MATERIAL PROVIDED
◇ ◇ ◇ ◇ ◇ ◇ ◇

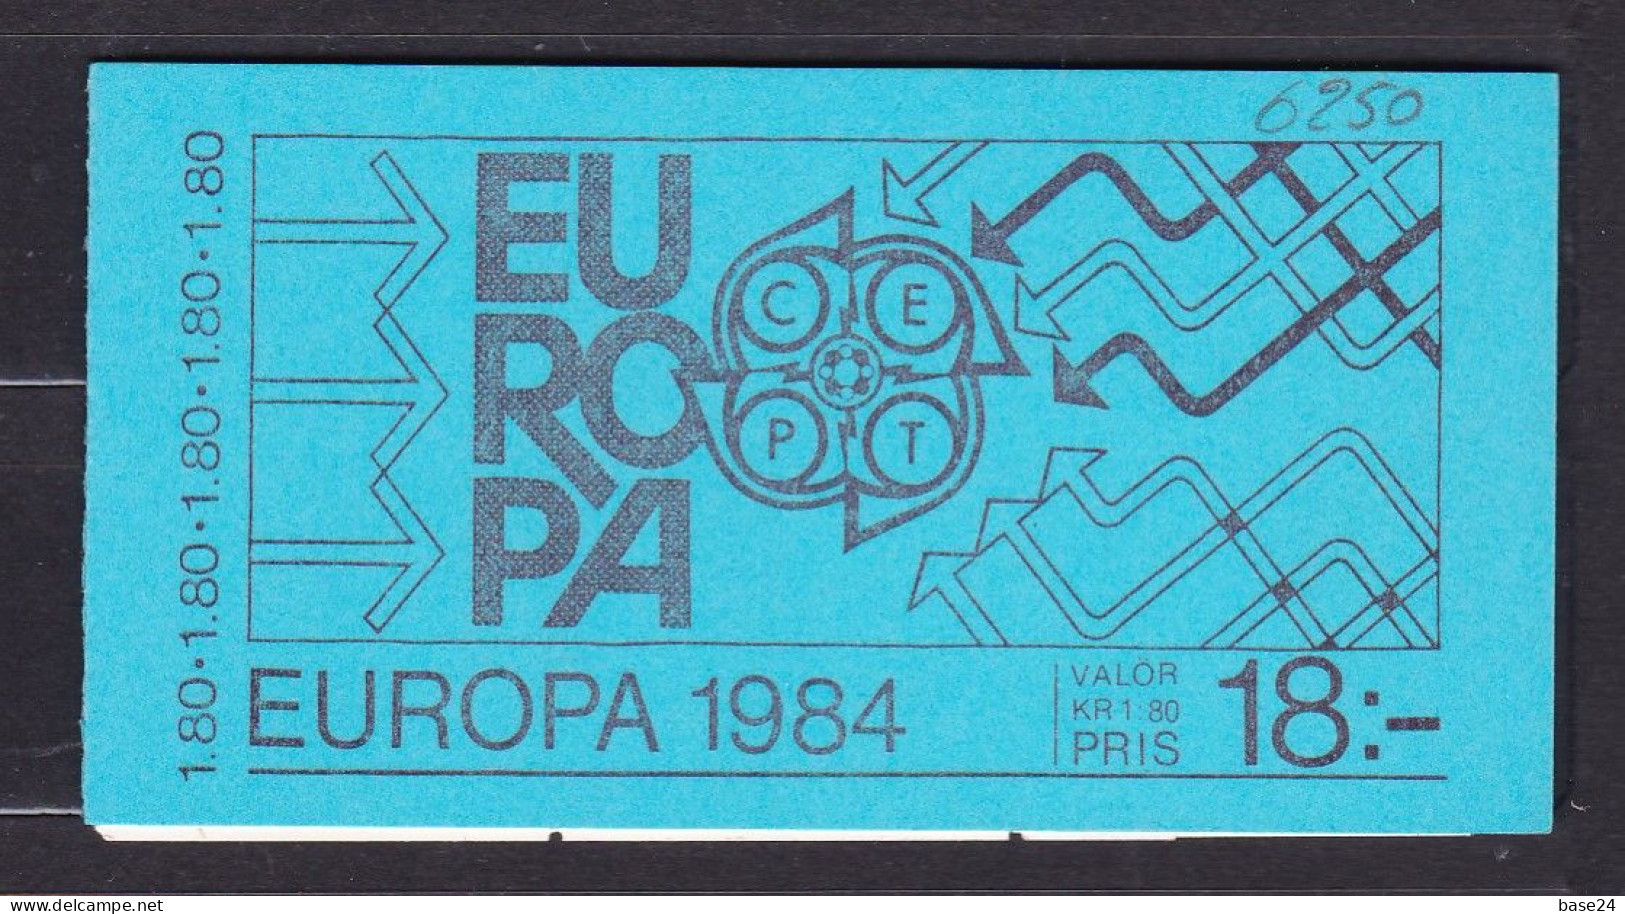 1984 Svezia Sweden EUROPA CEPT EUROPE Libretto MNH** PONTE BRIDGE Booklet - 1984
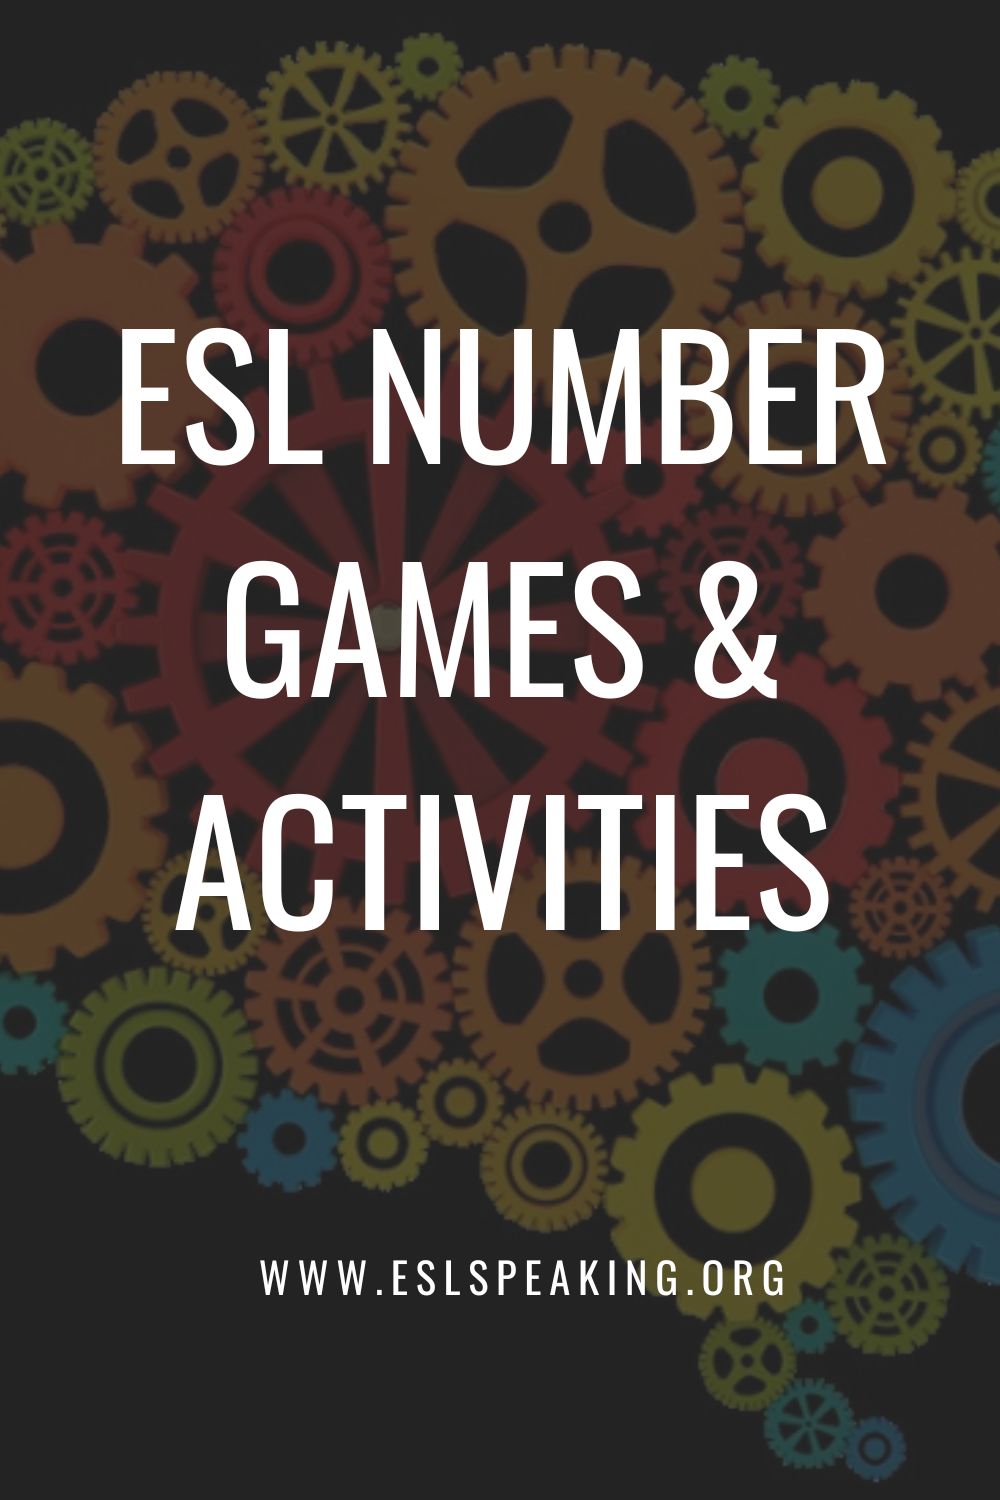 Teaching Materials for ESL, Math & Education - ESL Board Games
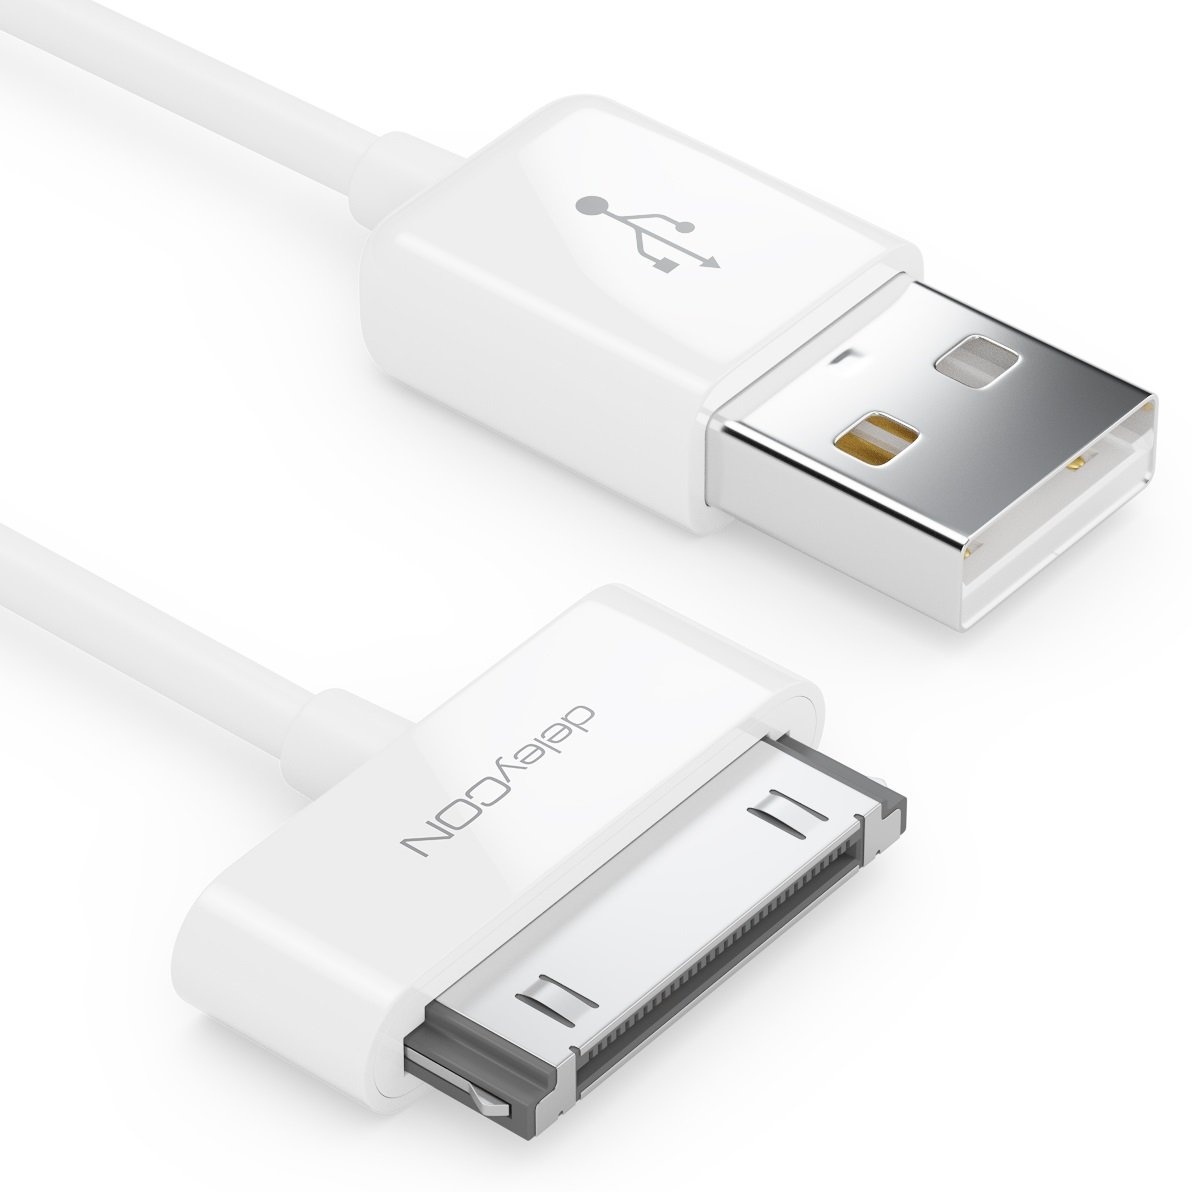 deleyCON 2m 30-Pin USB Kabel Dock Connector Sync-Kabel Ladekabel Datenkabel Kompatibel mit iPhone 4s 4 3Gs 3G iPad iPod - Weiß
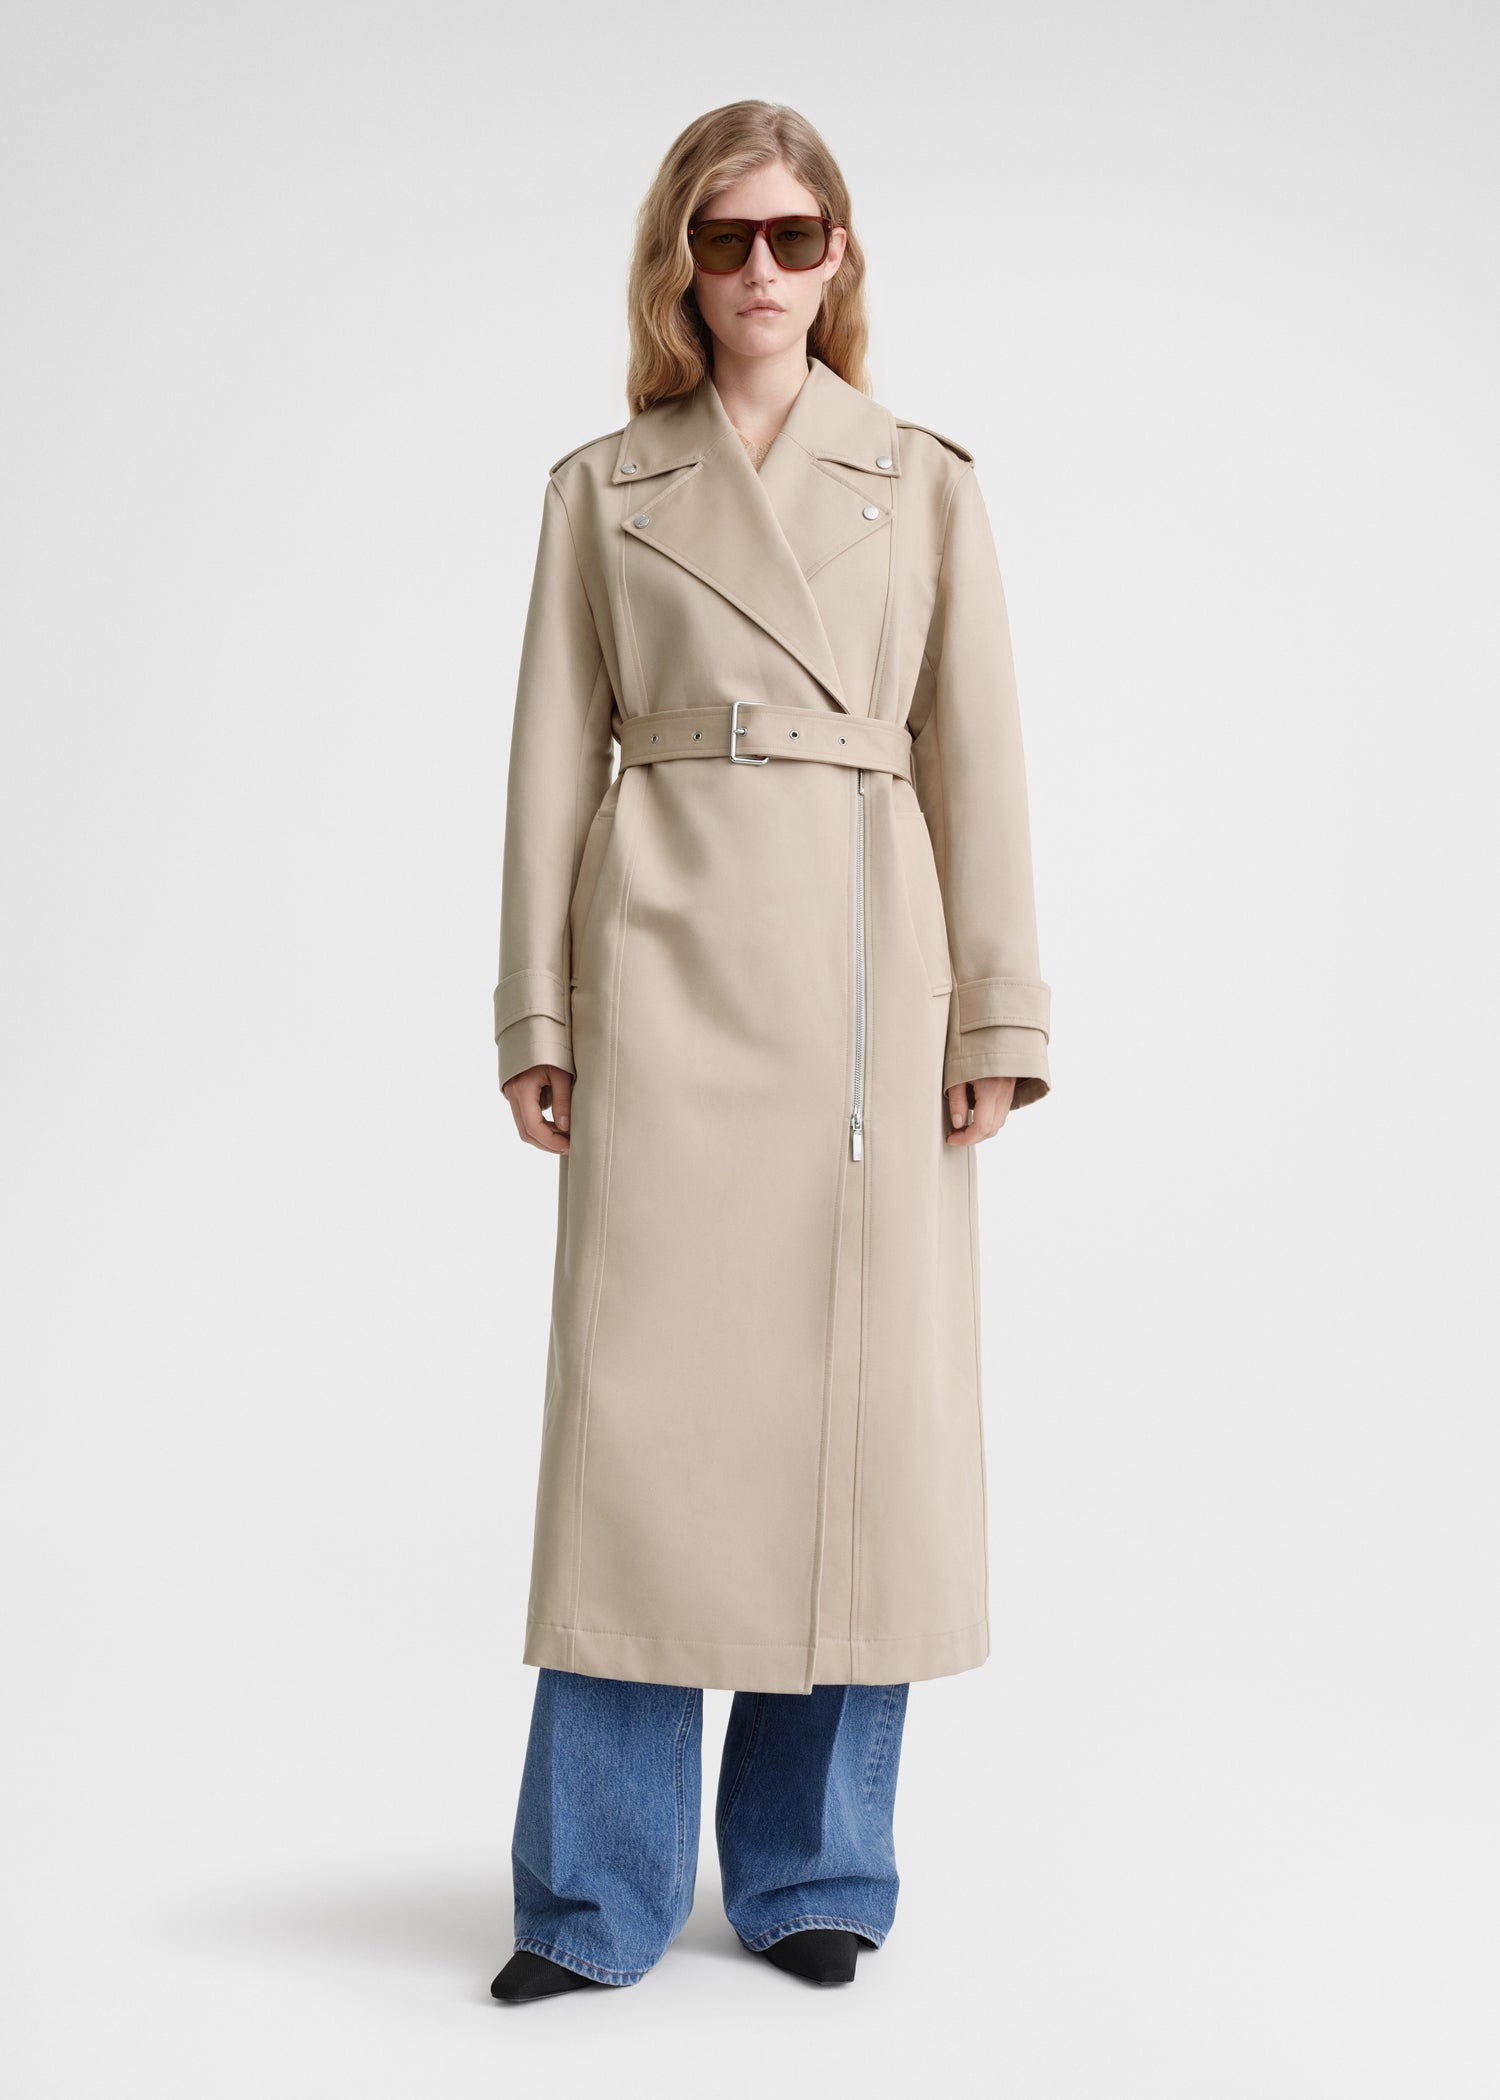 Women's Designer Coats & Jackets – TOTEME

◇ ◇ ◇ ◇ ◇ ◇ ◇

INSTRUCTIONS FOR THE TASK
All of the data above should be printed again exactly, though none of the pictures belong in the copy.

SOLUTION FOR THIS TASK
 1984 Svezia Sweden EUROPA CEPT EUROPE Libretto MNH** PONTE BRIDGE Booklet - 1984
 Teaching Materials for ESL, Math & Education - ESL Board Games
 deleyCON 2m 30-Pin USB Kabel Dock Connector Sync-Kabel Ladekabel Datenkabel Kompatibel mit iPhone 4s 4 3Gs 3G iPad iPod - Weiß
 Women's Designer Coats & Jackets – TOTEME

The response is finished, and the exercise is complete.